The iPhone 11 Pro and Pro Max have Apple's best cameras to date, and Ming-Chi Kuo suggests further enhancements for 2020.
That's a given, right? He didn't have much to say about what more to expect on that front – except that we'll probably get a time-of-flight camera for improved depth perception and augmented reality skills. But a new report suggests a big upgrade in the mix.
According to leaker Max Weinbach and EverythingApplePro (via Tom's Guide), the iPhone 12 could pack a 64-megapixel main camera. That's a big upgrade in terms of raw pixel count compared the 12MP cameras that Apple has been using of late, and it tops the Samsung Galaxy 20 on that front - but not the Galaxy S20 Ultra and its 108MP shooter.
The iPhone 12 models are expected to have two back cameras, while the iPhone 12 Pro models are pegged to have the same triple-camera setup with an additional LIDAR sensor included.
Recent leaks from Weinbach and EverythingApplePro (via AppleInsider) also point to 4K recording at 240 frames per second on the iPhone 12 Pro Max, letting you record slow-motion video in crystal-clear 4K resolution. That'd be an impressive feat, if true!
We're eager to see how Apple improves upon greatness here.
Is there anything else I should know about the Apple iPhone 12?
Let's talk about 5G. The tech is still gradually rolling out, but some Apple fans were bummed to see the iPhone 11 skip its inclusion.
That won't be the case in 2020, according to reports. The iPhone 12 is widely expected to introduce 5G compatibility, with Apple and Qualcomm resolving their dispute to make such implementation viable.
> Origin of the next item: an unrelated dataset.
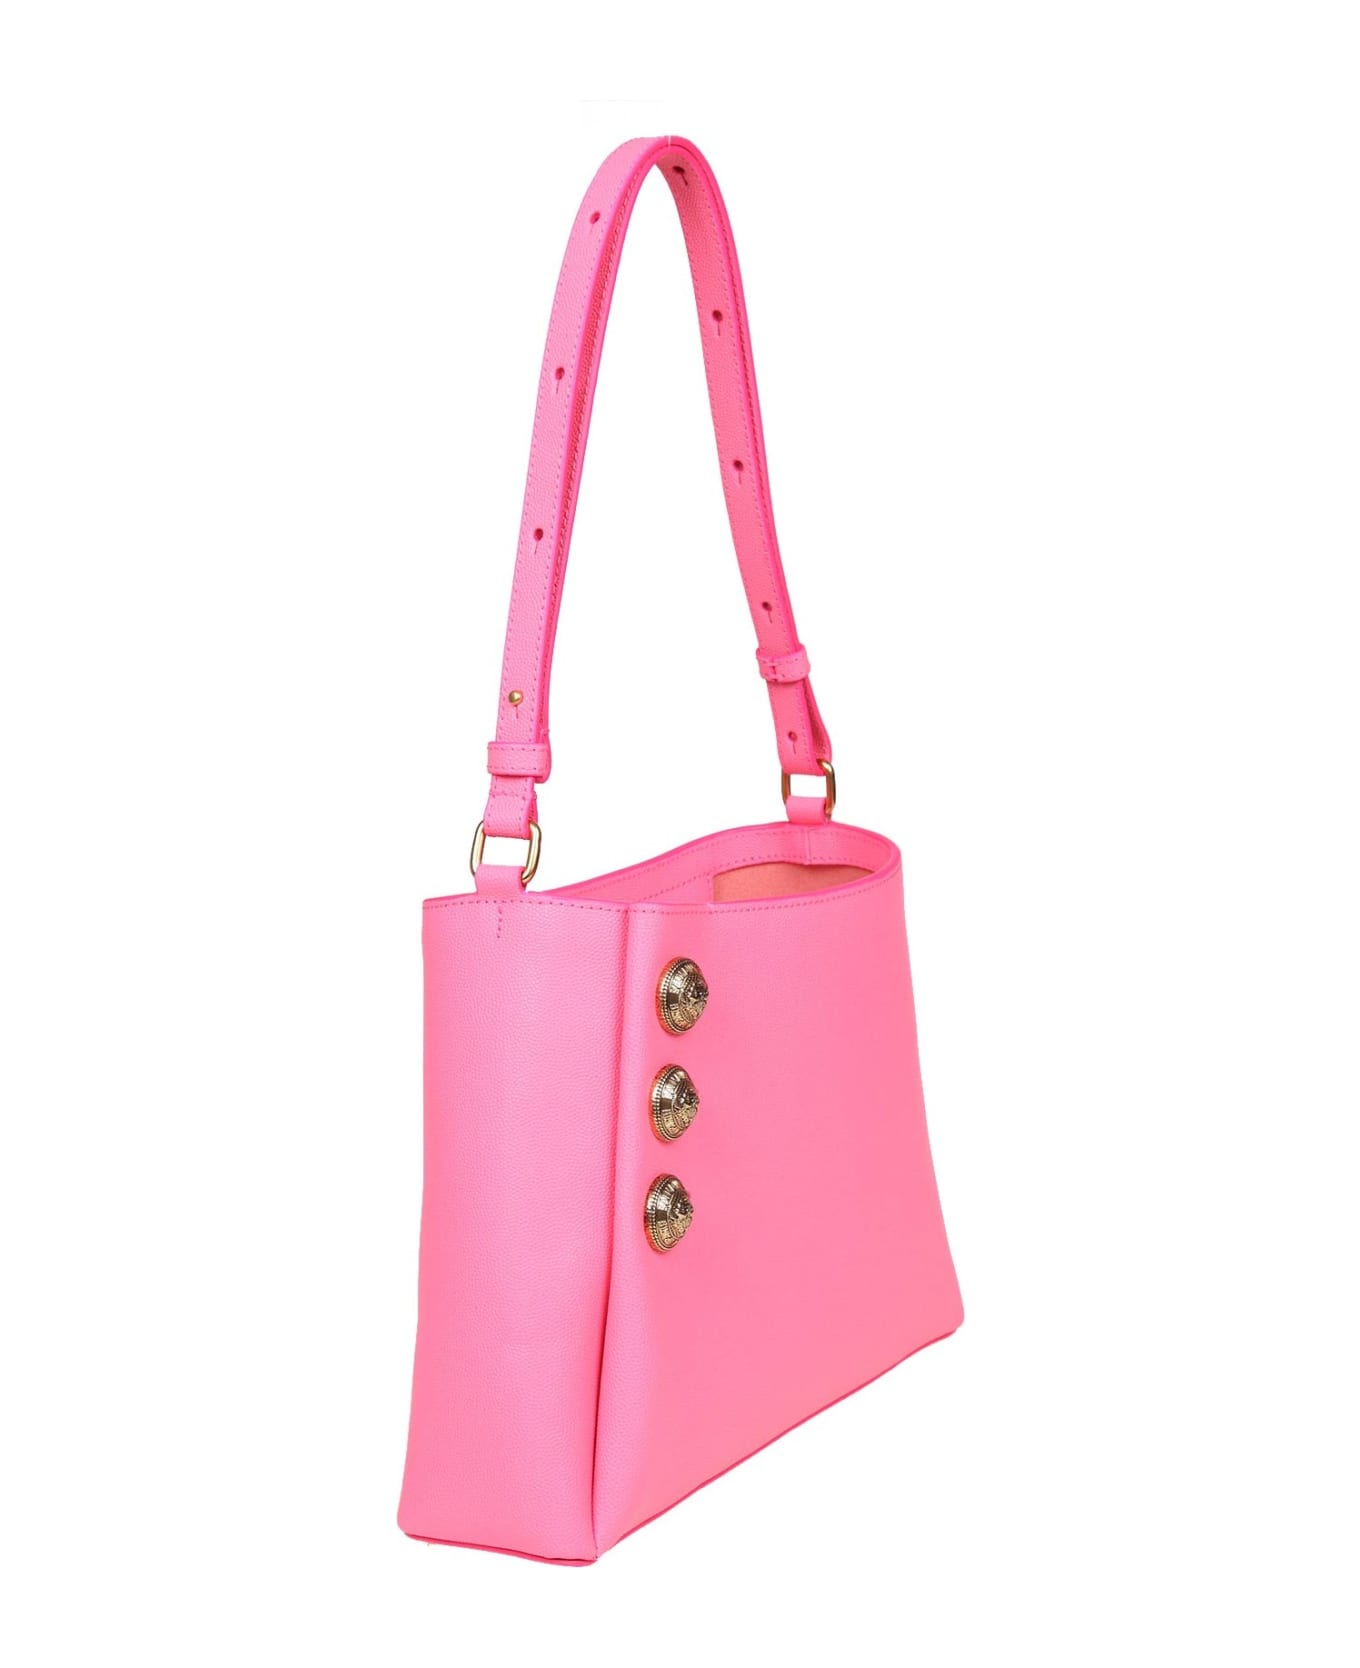 Balmain Emblem Shoulder Bag In Pink Leather - Bubblegum

Kuo has suggested 5G will be in the two higher-end models, but not the iPhone XR successor (the 6.1in model, likely).
Meanwhile, Jon Prosser of Front Page Tech points to 5G compatibility across what he pegs as four iPhone 12 models (two standard sizes, two Pro sizes), as seen earlier in the article.
Macotakara suggests that the iPhone 12 may also incorporate 60 Ghz Wi-Fi band support, which could enable super-speedy AirDrop transfers between devices. The IEEE 802.11ay standard is currently in draft status and expected to be finalised this year, so it could be an intriguing (but ultimately small) addition to the iPhone 12.
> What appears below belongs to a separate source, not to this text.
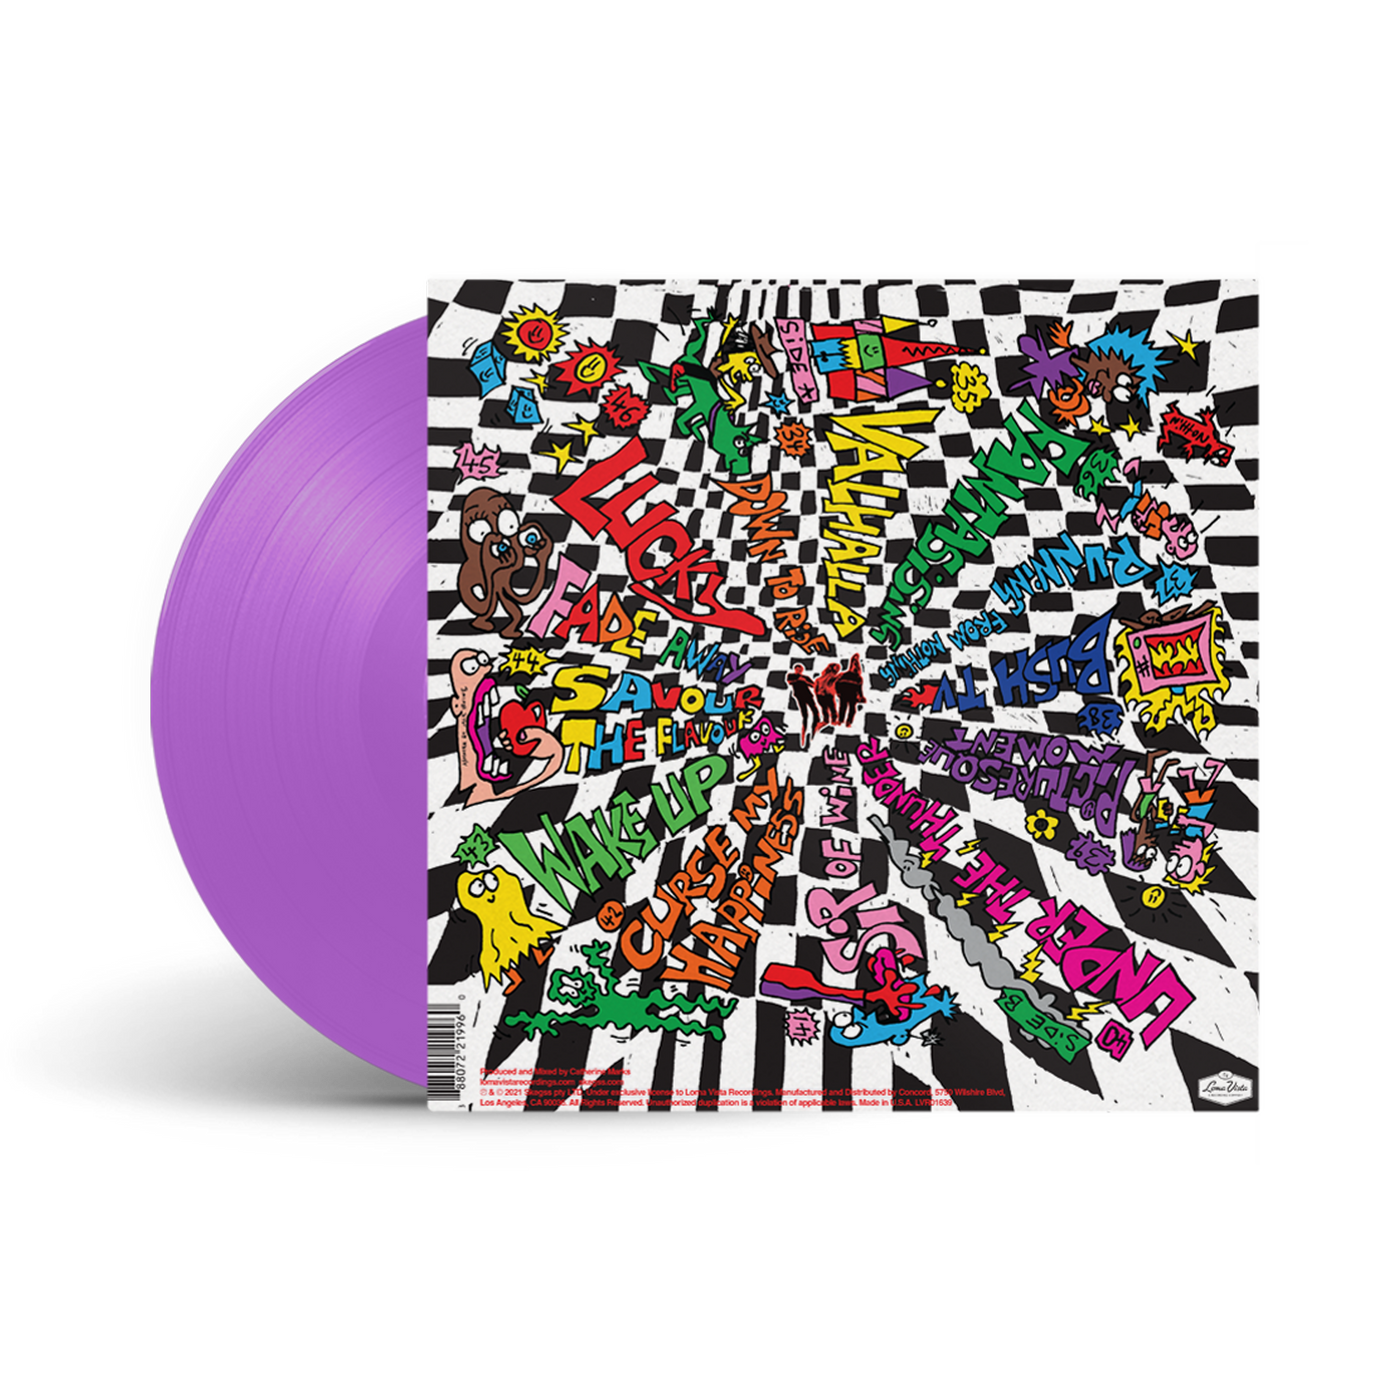 Rehearsal Deluxe LP (LV Exclusive Purple Vinyl)

Here's some less-fun news: longtime analyst Ming-Chi Kuo suggests that Apple will leave both the wired earphones and power adapter out of the iPhone 12 boxes. Why? Well, the addition of 5G tech isn't free from a components standpoint, and Apple purportedly doesn't want to raise the price of the new phones... or eat the cost either.
While it's true that most of us have power bricks kicking around the home and that not everyone needs or wants to use the bundled earphones, this could be a shocking omission for some buyers if true. 9to5Mac pointed out that buying the official Apple versions of both separately would be an extra US$63, which is nearly 10% extra on top of the iPhone 11's price. At the very least, we'd hope that Apple would offer these accessories at a discount to new phone buyers who need them, if the report is true...
Hopefully 5G networks will be ready for Apple to make the leap – because Apple fans are certainly ready to see that kind of speed on their next iPhones.